Ndèye Marie rit brièvement puis baisse les yeux sur sa tâche, l’air soudain pensive.
Ce qui me rappelle le comportement de mon frère ce matin…

- Au fait, lui dis-je. Qu’est-ce qui se passe entre Boris et toi ?

- Pourquoi tu me demandes ça ? répond-t’elle, surprise.

- Je ne sais pas, on dirait que quelque chose ne va pas entre vous. Il parait que
vous vous parlez à peine ?
- Qui t’a dit ça ?

- Ce n’est pas important. C’est vrai ou pas ?

-…

- Tu veux qu’on en parle ?

Elle semble hésiter un instant puis répond doucement :

- Non ce n’est pas la peine. Ça va passer.

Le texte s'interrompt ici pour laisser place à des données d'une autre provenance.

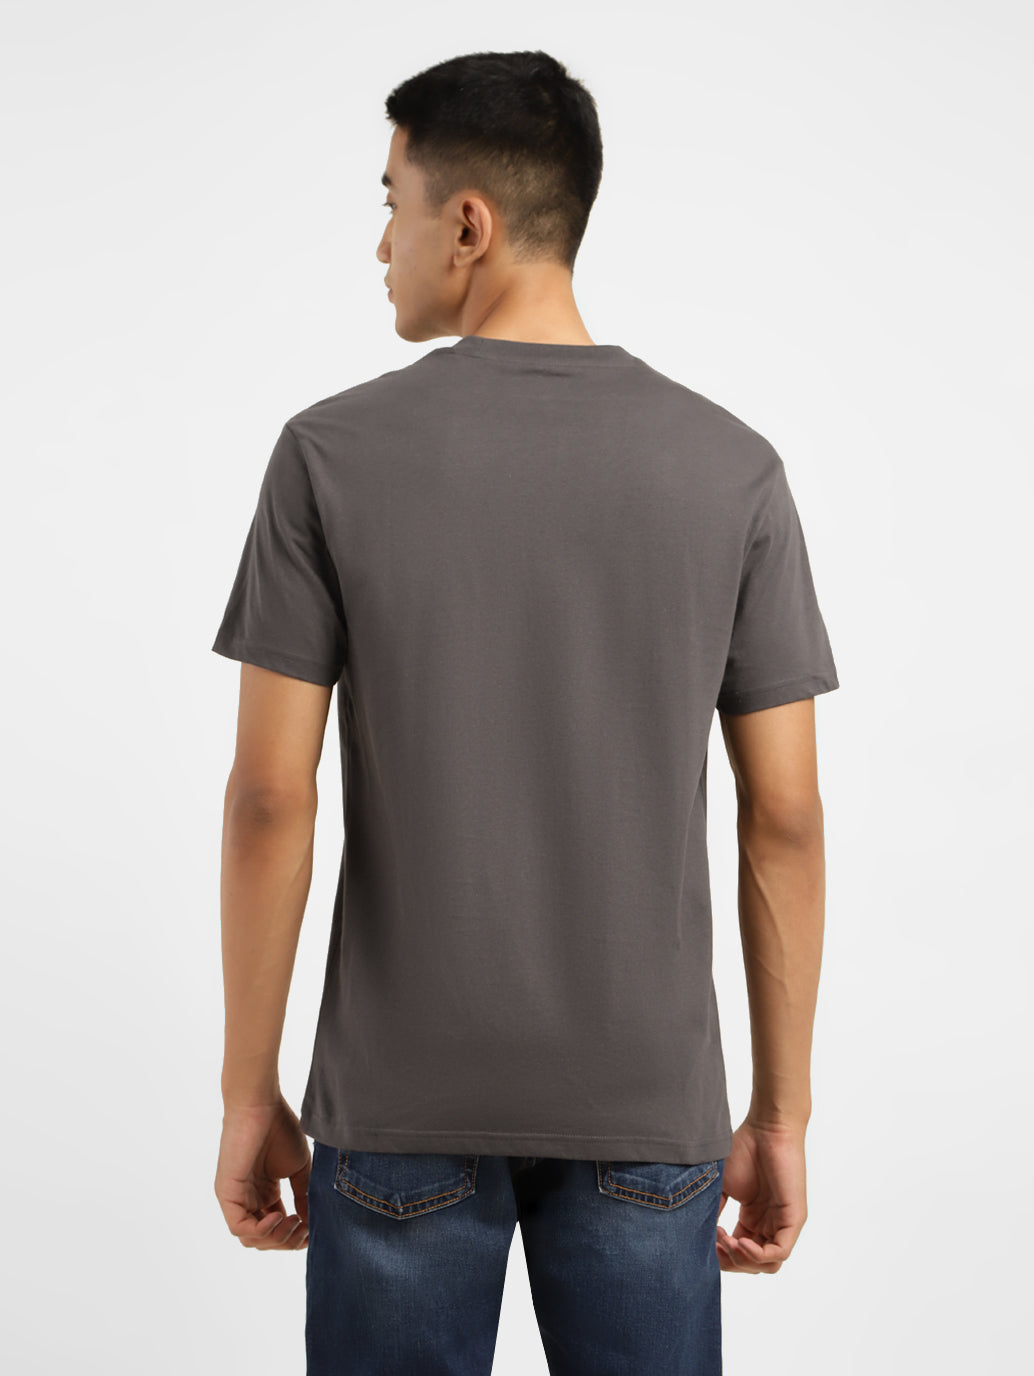 Men's Graphic Print Crew Neck T-shirt Grey

- Tu es sûre ? J’ai l’impression que c’est grave.

- … Ça va aller.

- D’accord… Si t’as besoin de parler, je suis là.

- Ok, merci.

Toute son expression a changé durant la courte conversation. Elle est devenue
toute triste… Les yeux ne mentent pas, et ce que je vois dans ses yeux ne me
rassure pas du tout. Mon instinct me dit que ce que ces deux-là traversent est bien
plus grave que les petites disputes que j’ai avec Majib, mais j’espère de tout cœur
me tromper…

***

Les apéros terminés, nous rejoignons le reste de la famille éparpillé entre le salon
et le jardin pour les servir. Alors que je pose une assiette devant lui, Majib me
regarde avec insistance voulant sûrement attirer mon attention mais je fais comme
si je ne l’avais pas remarqué, demandant aux autres :

- Elle est où Aysha ?

- Devant la télé en haut, répond Hassan. Je l’appelle ?

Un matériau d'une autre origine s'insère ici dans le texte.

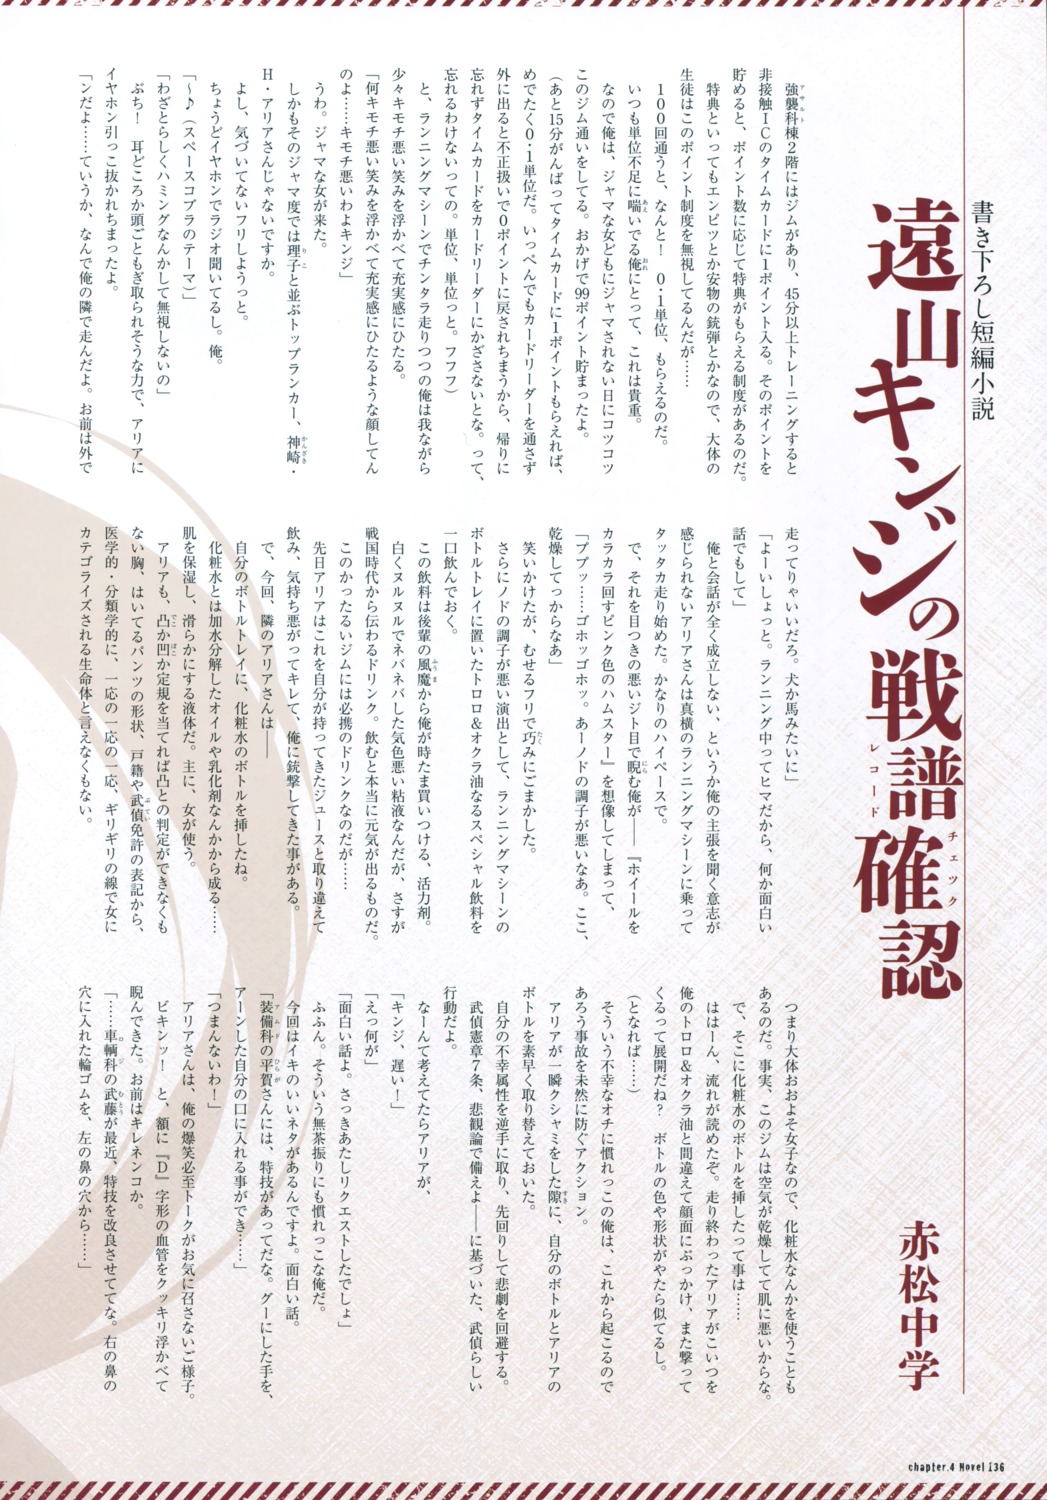 hidan_no_aria kobuichi silhouette text

- Non laisse, réponds-je vite. Je vais y aller.

Je prends aussitôt une assiette et pars la trouver, sautant sur l’occasion de pouvoir
la voir seule un instant. En entrant dans le salon, je la vois à moitié allongée sur le
canapé devant la télé, toujours aussi peu vêtue.

- Coucou sister, lui dis-je joyeusement. Je t’ai apporté ça.

Posant l’assiette devant elle sur la table, je m’assois en même temps sur le fauteuil
à côté d’elle. Sans me regarder, elle jette un bref coup d’œil à l’assiette en
marmonnant.

- C’était pas la peine.


- Ça vient juste de sortir du four, je ne voulais pas que ça refroidisse le temps que
tu viennes. Goûte.

- J’ai dit c’est bon. J’ai pas faim.

Son visage fermé, elle ne quitte pas du regard la télé. Sans me décourager, je me
mets plus à l’aise sur le fauteuil et tourne la tête vers elle. Première étape, j’essaie
de la raisonner…

- Ecoute Aysha… Je sais que tu ne m’apprécies pas mais je pense qu’on devrait faire
des efforts vu qu’on partage la même famille. Bien sûr on n’est pas obligé d’être
amies mais on peut au moins se…

- Oh là, arrête-toi tout de suite. Je ne vais pas avoir cette conversation avec toi,
c’est clair ?

- D’accord, mais jusqu’à quand Aysha ? Je suis ta sœur, tu ne peux pas continuer de
faire comme si je n’existais pas.

- J’y arrive sans problème.

Ah ouai ?! Bon, il semble que le raisonnement ne va pas marcher, donc allons-y


autrement. Lentement, je lui réponds d’une voix désolée :

- Je comprends… Je te comprends bien. Ce n’est pas facile de découvrir du jour au


lendemain que tu as une sœur, qui plus est, est mariée à l’homme que tu aimes.
Le regard d’Aysha se tourne aussitôt vers moi, surpris.

- De quoi tu parles ?!

- De Majib, répond-je calmement. Je te comprends, ça ne doit pas être facile de le


voir avec moi, n’est-ce-pas ? Tu es toujours amoureuse de lui ?

- Tu crois que… que je suis amoureuse de Majib ? répond-t’elle l’air indignée. Tu es


folle ?

La comédienne… Jouant le jeu, je fais mine d’être surprise.

- Donc tu ne l’es plus ? Excuse-moi alors, je croyais que…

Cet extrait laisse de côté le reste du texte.